Problem requirements: Copy every line of the entries that has the string "recipe" in it.

[[ Supplied material open ]]

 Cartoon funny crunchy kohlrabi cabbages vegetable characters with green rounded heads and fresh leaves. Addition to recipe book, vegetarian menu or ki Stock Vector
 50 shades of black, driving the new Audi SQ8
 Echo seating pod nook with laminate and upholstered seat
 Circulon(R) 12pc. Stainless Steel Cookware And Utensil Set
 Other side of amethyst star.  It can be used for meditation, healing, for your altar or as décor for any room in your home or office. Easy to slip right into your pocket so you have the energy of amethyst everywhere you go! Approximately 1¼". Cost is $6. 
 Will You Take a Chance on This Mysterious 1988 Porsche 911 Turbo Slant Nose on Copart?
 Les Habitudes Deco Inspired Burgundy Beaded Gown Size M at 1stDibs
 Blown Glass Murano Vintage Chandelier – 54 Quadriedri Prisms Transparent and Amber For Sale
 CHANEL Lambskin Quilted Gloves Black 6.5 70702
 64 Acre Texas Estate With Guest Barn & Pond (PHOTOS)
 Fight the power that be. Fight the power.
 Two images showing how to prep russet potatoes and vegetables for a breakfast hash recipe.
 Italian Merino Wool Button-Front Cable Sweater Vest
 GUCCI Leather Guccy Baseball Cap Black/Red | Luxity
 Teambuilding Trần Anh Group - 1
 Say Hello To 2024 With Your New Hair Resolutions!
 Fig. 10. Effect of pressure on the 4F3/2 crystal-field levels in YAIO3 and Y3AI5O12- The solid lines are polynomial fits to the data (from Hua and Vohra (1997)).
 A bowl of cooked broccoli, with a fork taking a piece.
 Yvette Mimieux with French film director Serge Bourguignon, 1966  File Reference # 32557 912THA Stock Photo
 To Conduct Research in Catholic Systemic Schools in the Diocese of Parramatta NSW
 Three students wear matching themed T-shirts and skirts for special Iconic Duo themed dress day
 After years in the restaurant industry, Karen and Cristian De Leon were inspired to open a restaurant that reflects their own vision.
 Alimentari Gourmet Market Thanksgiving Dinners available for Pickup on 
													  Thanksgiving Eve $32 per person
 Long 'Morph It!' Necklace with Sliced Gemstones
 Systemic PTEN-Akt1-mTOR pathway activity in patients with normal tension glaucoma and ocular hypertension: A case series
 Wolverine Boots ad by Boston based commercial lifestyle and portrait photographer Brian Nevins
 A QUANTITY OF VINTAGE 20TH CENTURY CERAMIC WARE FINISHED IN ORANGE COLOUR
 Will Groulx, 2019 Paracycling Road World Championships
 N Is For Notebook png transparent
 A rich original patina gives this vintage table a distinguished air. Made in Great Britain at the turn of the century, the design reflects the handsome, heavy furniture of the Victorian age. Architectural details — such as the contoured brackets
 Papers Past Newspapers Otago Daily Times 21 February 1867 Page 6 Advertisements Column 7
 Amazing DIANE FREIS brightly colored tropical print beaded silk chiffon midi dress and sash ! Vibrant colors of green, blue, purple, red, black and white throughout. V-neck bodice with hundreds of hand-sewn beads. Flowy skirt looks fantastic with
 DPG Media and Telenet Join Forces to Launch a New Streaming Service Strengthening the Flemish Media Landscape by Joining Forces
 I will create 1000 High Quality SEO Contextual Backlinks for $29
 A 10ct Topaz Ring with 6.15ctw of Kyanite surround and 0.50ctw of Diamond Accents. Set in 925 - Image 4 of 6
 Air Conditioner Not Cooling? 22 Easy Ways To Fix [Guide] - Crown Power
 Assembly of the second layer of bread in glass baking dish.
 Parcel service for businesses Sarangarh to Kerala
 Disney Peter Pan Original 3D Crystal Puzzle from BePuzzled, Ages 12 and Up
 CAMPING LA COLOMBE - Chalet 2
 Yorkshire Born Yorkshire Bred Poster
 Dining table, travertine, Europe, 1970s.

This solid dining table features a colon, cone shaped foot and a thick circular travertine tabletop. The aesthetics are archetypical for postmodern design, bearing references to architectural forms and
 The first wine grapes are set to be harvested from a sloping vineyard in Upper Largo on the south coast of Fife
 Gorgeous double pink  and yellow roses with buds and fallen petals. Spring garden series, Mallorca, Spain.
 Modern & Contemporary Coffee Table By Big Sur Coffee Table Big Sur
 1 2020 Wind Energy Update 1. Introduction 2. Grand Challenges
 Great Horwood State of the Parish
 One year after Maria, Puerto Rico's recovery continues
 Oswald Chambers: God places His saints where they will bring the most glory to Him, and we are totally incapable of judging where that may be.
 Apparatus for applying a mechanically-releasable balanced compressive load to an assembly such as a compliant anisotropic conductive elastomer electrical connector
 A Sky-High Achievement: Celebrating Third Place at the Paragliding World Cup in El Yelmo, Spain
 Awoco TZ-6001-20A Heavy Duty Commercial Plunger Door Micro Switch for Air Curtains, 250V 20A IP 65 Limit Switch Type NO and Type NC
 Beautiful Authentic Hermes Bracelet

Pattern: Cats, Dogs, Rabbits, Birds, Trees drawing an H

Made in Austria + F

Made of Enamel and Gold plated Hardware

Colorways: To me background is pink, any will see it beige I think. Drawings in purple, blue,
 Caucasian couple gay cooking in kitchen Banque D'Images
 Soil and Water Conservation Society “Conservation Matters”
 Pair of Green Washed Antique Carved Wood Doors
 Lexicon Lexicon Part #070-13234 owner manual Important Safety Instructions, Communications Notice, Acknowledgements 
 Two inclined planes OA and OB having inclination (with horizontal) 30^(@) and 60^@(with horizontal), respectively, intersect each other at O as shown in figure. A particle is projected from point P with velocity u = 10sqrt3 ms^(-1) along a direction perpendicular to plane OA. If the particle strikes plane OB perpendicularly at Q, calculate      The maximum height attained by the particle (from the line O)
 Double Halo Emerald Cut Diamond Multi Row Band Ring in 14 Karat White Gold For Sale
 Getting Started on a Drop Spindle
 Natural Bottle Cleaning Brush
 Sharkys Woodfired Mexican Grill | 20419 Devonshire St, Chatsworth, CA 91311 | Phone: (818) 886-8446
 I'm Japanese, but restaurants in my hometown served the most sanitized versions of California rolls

[[ Supplied material closed ]]

Answer box:
 Cartoon funny crunchy kohlrabi cabbages vegetable characters with green rounded heads and fresh leaves. Addition to recipe book, vegetarian menu or ki Stock Vector
 Two images showing how to prep russet potatoes and vegetables for a breakfast hash recipe.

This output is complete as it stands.